Problem description: Output the data in full. Keep every word exact and exclude the pictures.

Data:

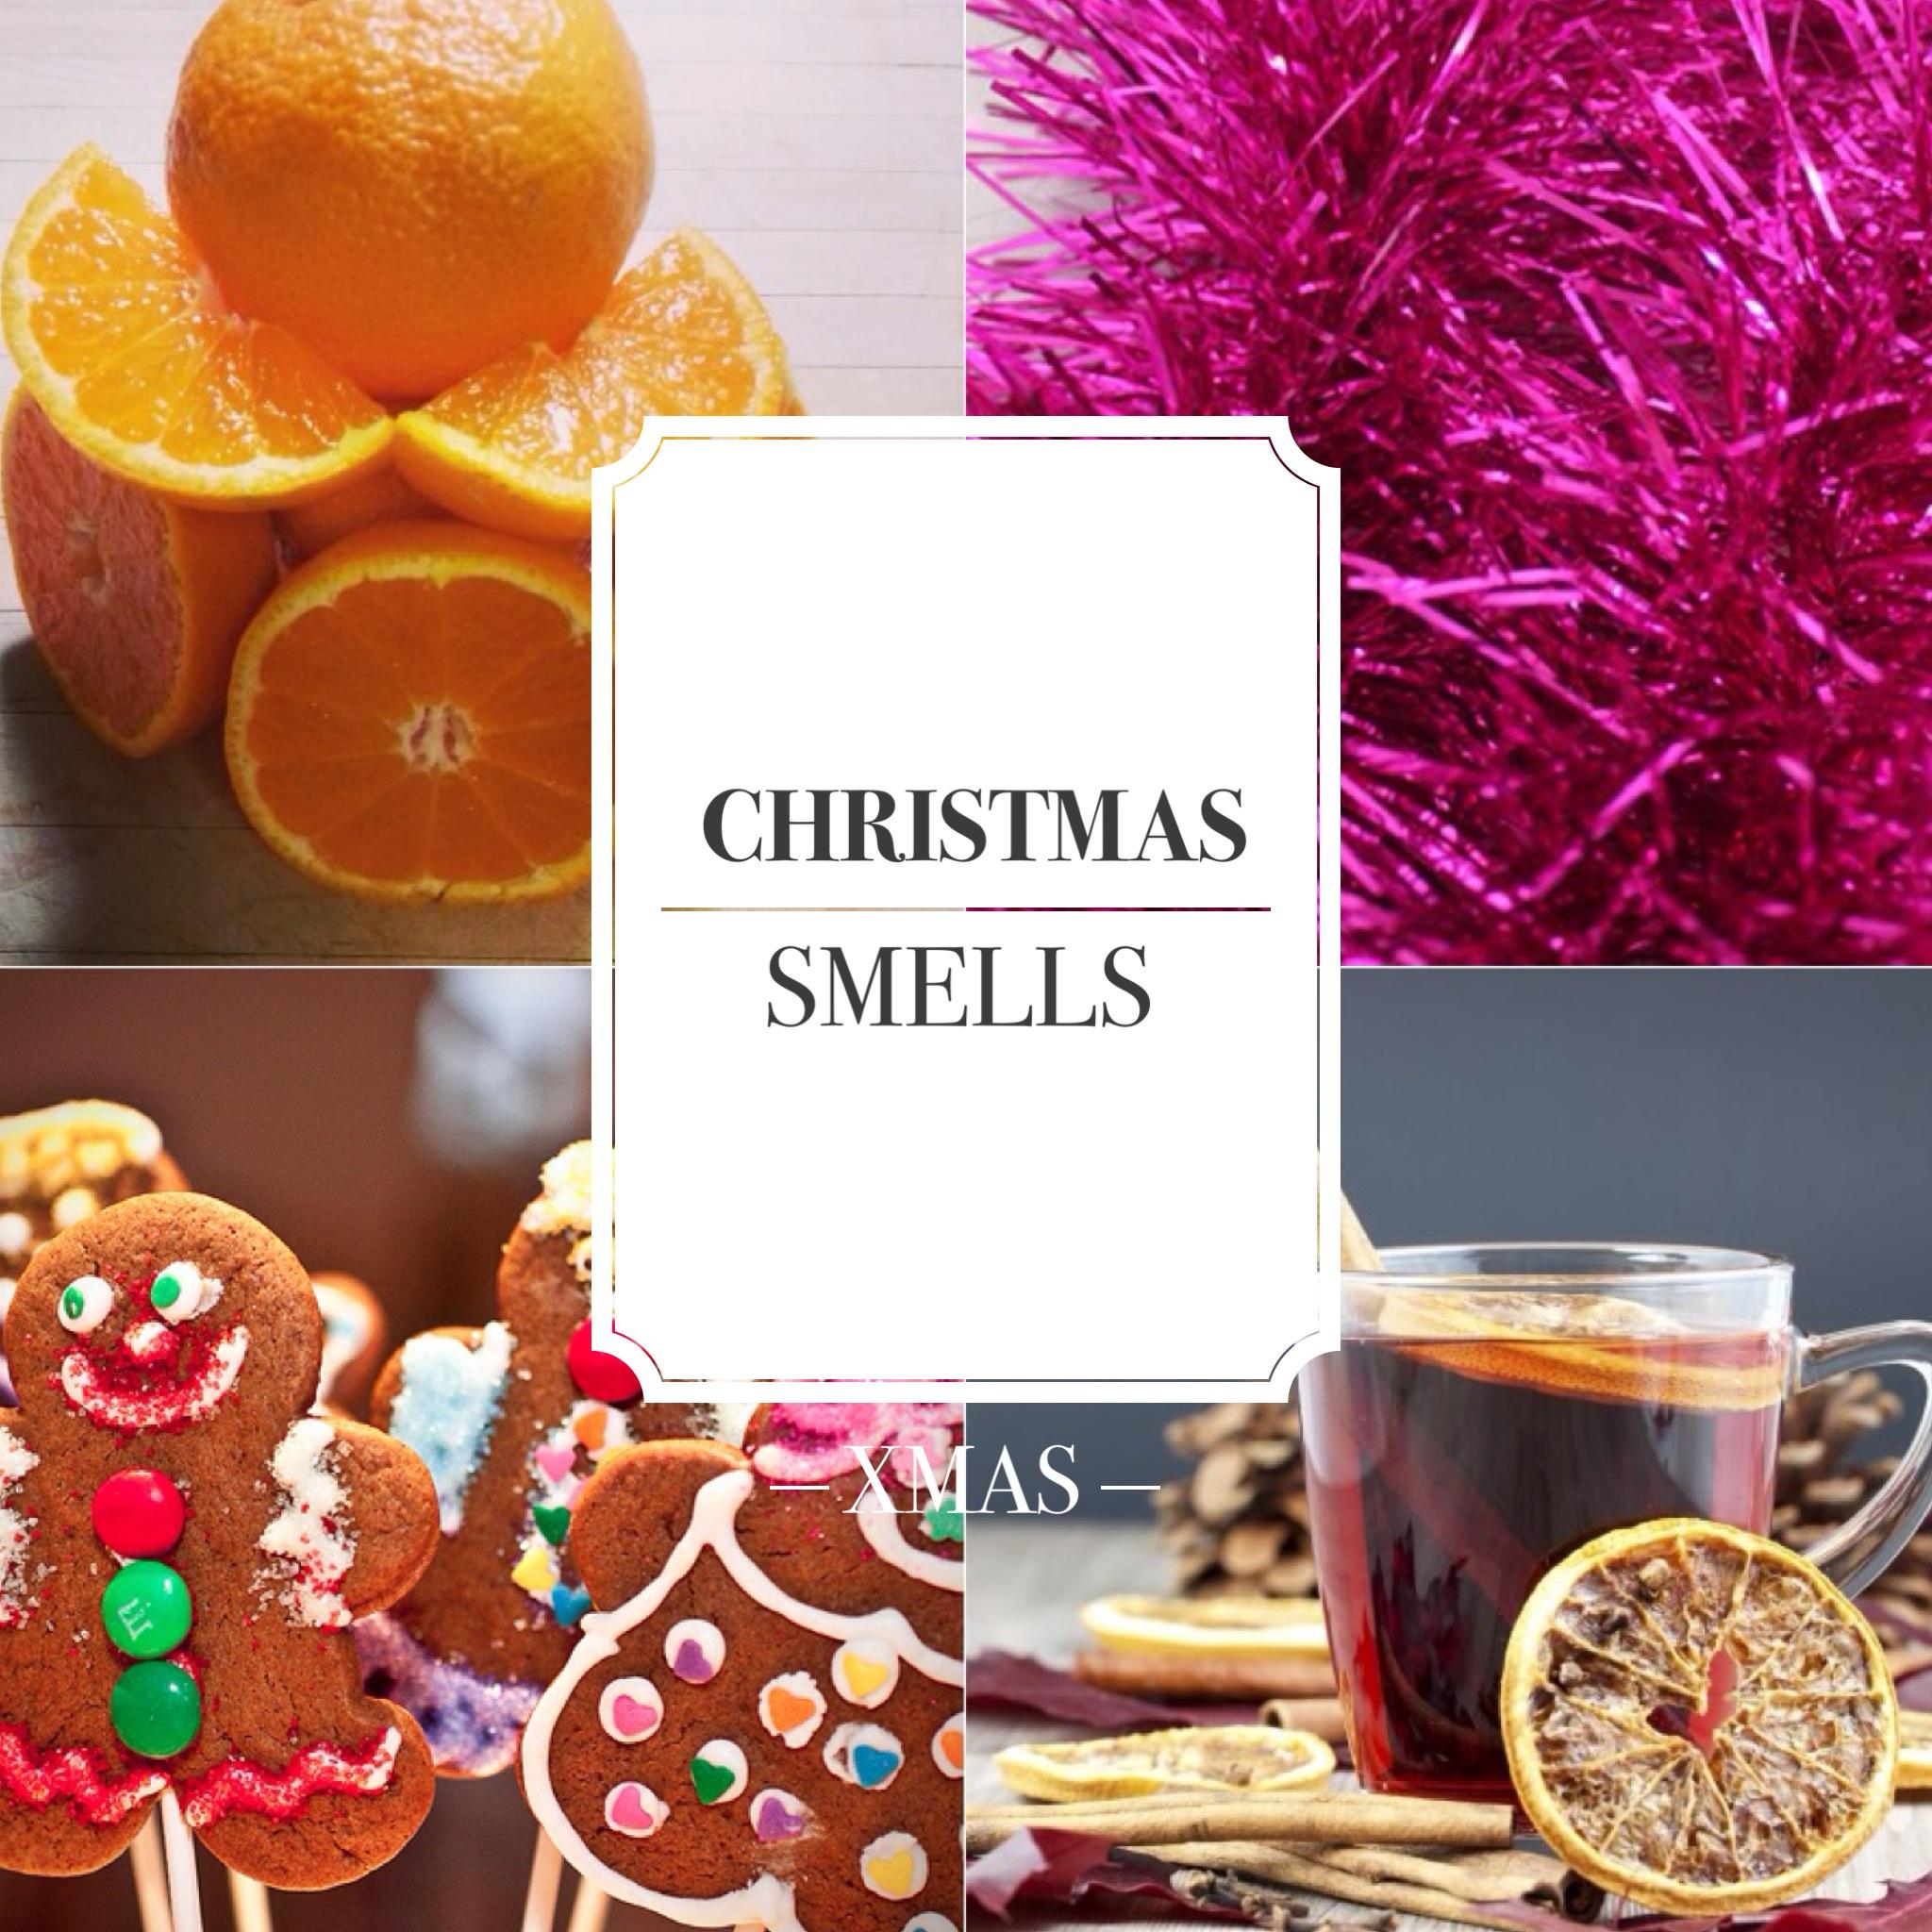 Christmas Smells (Really Good) – The Candy Perfume Boy
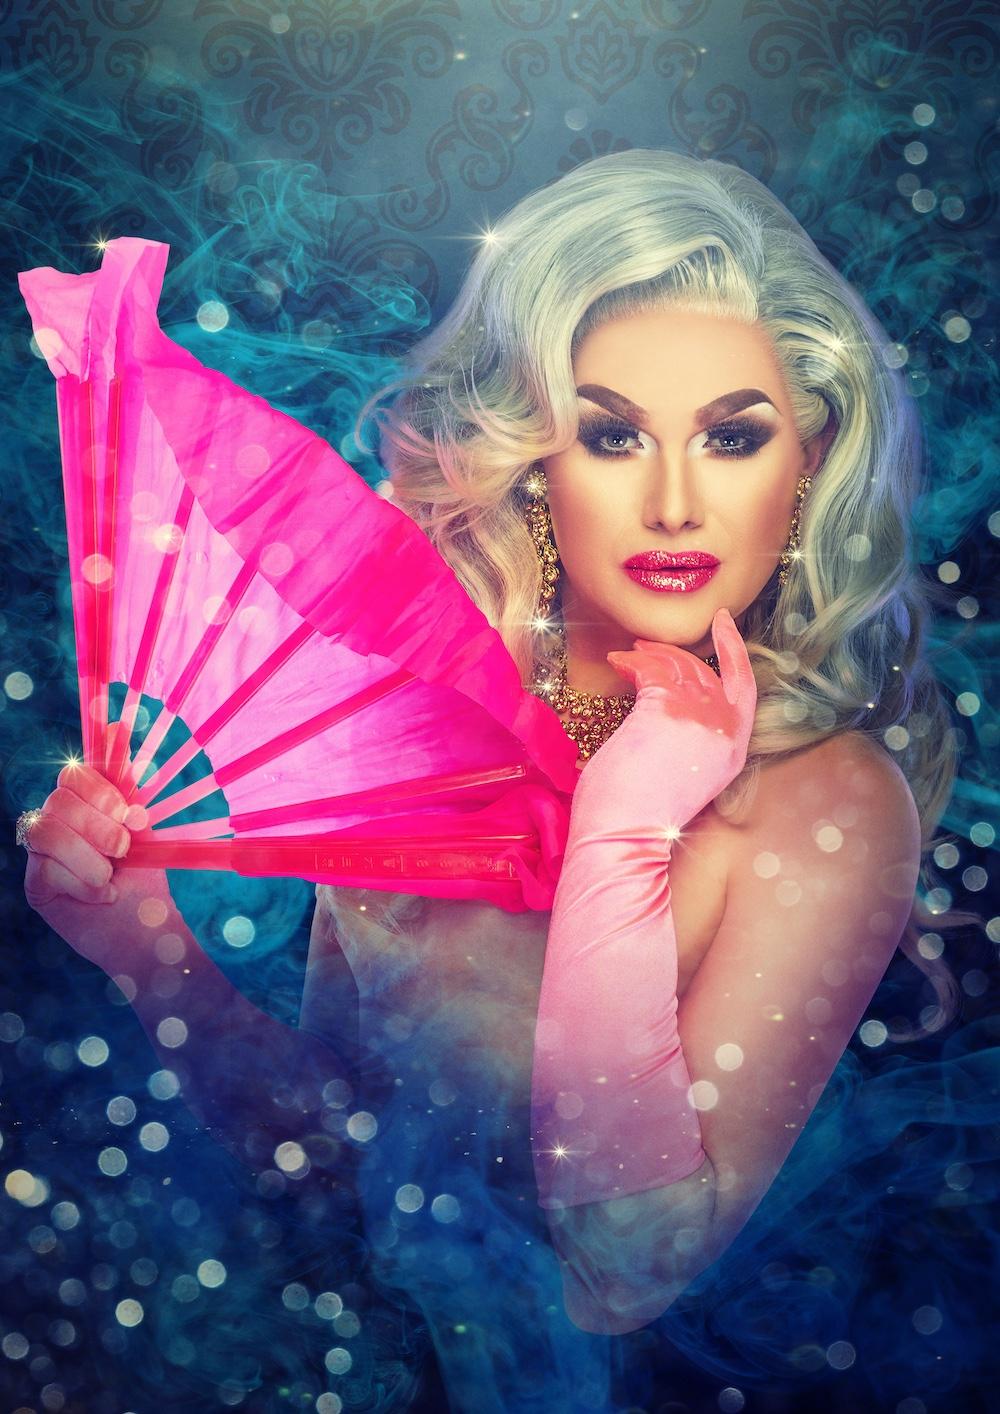 arq-masqueerade-charisma-belle-sydney-drag-queen.jpg
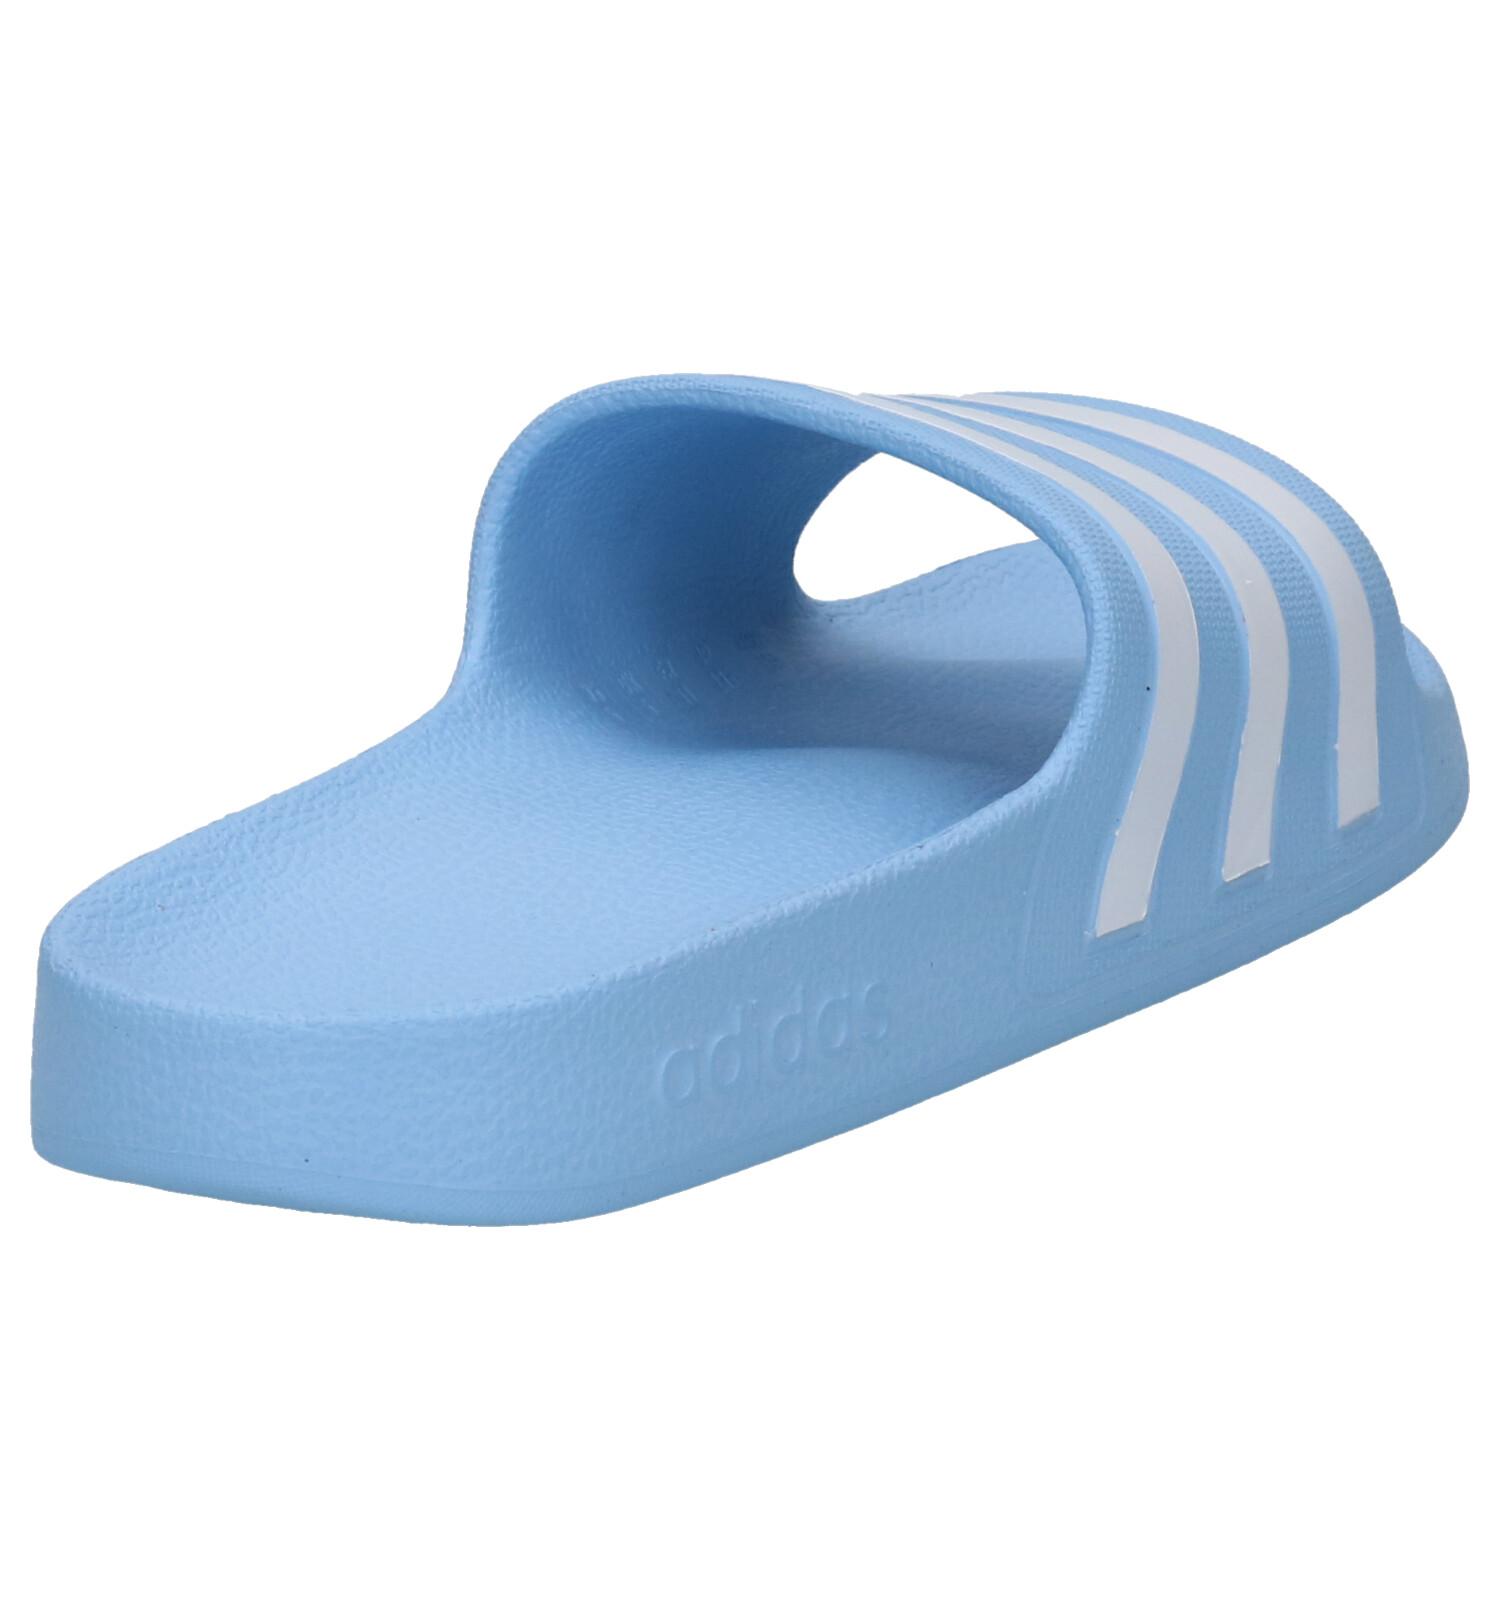 Slippers Adidas Aqua Blauwe Adilette Aqua Adilette Adidas Blauwe xQCstrBdh

Problem solution:
 Christmas Smells (Really Good) – The Candy Perfume Boy
 arq-masqueerade-charisma-belle-sydney-drag-queen.jpg
 Slippers Adidas Aqua Blauwe Adilette Aqua Adilette Adidas Blauwe xQCstrBdh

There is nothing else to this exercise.